=== Section Start ===

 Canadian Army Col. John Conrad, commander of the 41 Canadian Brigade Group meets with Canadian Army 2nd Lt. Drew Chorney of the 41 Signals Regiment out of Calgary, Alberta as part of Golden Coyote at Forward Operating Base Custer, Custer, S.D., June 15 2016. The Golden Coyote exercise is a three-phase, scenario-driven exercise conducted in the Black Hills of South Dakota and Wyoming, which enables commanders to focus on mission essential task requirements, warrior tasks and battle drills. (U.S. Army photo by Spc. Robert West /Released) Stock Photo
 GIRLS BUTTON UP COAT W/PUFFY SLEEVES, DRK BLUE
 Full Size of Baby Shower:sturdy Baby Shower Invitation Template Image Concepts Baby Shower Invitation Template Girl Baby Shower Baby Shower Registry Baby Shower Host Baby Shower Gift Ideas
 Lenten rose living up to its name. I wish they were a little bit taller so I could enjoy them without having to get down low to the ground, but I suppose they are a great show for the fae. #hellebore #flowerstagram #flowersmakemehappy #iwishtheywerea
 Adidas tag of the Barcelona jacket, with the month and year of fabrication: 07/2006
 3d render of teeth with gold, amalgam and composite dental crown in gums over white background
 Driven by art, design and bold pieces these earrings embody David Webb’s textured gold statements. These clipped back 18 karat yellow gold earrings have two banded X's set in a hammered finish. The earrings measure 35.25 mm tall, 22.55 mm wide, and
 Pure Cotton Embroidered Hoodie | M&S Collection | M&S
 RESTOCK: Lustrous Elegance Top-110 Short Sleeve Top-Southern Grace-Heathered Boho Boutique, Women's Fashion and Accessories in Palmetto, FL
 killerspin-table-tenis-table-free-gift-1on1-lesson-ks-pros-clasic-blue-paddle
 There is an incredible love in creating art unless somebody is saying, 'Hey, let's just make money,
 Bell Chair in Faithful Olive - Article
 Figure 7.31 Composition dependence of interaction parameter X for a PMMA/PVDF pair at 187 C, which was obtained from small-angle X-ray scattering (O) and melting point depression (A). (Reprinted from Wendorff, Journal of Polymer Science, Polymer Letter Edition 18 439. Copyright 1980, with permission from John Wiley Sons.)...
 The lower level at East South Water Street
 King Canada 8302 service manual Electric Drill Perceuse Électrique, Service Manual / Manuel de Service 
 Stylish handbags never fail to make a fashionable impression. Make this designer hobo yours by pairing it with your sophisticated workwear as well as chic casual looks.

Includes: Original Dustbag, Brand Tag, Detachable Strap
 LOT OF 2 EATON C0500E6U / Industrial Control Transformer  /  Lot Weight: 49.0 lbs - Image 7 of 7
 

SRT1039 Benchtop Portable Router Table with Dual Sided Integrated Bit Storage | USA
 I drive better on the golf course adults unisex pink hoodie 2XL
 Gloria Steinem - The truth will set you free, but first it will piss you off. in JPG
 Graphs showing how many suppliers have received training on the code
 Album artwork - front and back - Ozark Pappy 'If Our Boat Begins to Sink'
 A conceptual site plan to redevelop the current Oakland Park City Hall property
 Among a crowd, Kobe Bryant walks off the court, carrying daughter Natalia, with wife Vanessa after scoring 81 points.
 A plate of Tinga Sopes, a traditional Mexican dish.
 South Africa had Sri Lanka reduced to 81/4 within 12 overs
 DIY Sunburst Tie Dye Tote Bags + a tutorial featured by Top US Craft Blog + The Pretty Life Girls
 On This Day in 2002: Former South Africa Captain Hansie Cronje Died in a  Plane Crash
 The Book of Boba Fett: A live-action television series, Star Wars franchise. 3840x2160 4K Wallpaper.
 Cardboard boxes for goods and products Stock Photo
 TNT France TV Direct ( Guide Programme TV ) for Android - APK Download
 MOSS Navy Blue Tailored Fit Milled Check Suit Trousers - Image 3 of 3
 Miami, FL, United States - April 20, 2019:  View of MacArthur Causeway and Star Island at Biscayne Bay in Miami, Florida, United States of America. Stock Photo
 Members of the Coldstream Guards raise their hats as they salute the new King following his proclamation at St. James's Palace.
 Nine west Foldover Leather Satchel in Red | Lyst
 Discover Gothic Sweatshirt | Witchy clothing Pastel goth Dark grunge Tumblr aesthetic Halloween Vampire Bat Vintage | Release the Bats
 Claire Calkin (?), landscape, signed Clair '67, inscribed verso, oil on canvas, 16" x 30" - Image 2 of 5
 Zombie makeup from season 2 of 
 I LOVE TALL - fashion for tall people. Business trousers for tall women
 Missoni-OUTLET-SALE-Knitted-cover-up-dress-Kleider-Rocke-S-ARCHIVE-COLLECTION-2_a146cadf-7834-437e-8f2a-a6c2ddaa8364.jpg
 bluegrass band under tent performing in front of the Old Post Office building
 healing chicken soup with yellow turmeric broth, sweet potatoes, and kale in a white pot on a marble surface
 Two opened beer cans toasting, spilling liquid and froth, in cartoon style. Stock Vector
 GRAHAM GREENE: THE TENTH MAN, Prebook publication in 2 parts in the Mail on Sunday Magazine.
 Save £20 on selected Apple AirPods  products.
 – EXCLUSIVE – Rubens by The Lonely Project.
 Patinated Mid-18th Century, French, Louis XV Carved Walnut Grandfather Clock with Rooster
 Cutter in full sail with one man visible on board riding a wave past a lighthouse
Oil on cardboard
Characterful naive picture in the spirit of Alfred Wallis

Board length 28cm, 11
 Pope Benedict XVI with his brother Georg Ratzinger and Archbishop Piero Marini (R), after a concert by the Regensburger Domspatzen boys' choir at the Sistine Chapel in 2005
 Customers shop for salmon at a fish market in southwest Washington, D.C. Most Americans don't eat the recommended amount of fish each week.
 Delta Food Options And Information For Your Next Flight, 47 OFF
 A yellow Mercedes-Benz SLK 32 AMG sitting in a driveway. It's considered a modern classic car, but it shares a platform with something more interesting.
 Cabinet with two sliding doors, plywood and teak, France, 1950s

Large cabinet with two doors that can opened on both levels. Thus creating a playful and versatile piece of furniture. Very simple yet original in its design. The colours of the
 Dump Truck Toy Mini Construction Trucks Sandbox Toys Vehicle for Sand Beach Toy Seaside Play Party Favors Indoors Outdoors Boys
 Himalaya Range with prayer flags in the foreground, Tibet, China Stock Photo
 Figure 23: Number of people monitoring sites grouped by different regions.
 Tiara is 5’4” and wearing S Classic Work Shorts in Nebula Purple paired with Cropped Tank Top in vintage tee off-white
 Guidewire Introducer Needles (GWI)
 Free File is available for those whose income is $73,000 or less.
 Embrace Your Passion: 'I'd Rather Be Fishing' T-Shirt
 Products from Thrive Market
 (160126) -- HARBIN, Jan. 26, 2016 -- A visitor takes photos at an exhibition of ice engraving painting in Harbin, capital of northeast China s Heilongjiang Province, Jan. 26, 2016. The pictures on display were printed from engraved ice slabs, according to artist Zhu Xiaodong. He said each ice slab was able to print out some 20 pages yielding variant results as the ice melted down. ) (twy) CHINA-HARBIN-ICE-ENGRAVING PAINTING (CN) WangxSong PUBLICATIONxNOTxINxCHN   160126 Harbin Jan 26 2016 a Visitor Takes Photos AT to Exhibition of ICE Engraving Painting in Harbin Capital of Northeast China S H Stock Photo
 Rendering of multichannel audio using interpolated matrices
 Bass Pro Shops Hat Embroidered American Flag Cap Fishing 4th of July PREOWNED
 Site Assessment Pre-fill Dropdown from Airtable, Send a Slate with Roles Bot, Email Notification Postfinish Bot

=== Section End ===

(WORK TASK) Give back, unchanged, the run of lines in the listing above that begins at the line containing "GIRLS BUTTON UP" and ends at the line containing "Lenten rose living", both included.

(EXERCISE RESPONSE)
 GIRLS BUTTON UP COAT W/PUFFY SLEEVES, DRK BLUE
 Full Size of Baby Shower:sturdy Baby Shower Invitation Template Image Concepts Baby Shower Invitation Template Girl Baby Shower Baby Shower Registry Baby Shower Host Baby Shower Gift Ideas
 Lenten rose living up to its name. I wish they were a little bit taller so I could enjoy them without having to get down low to the ground, but I suppose they are a great show for the fae. #hellebore #flowerstagram #flowersmakemehappy #iwishtheywerea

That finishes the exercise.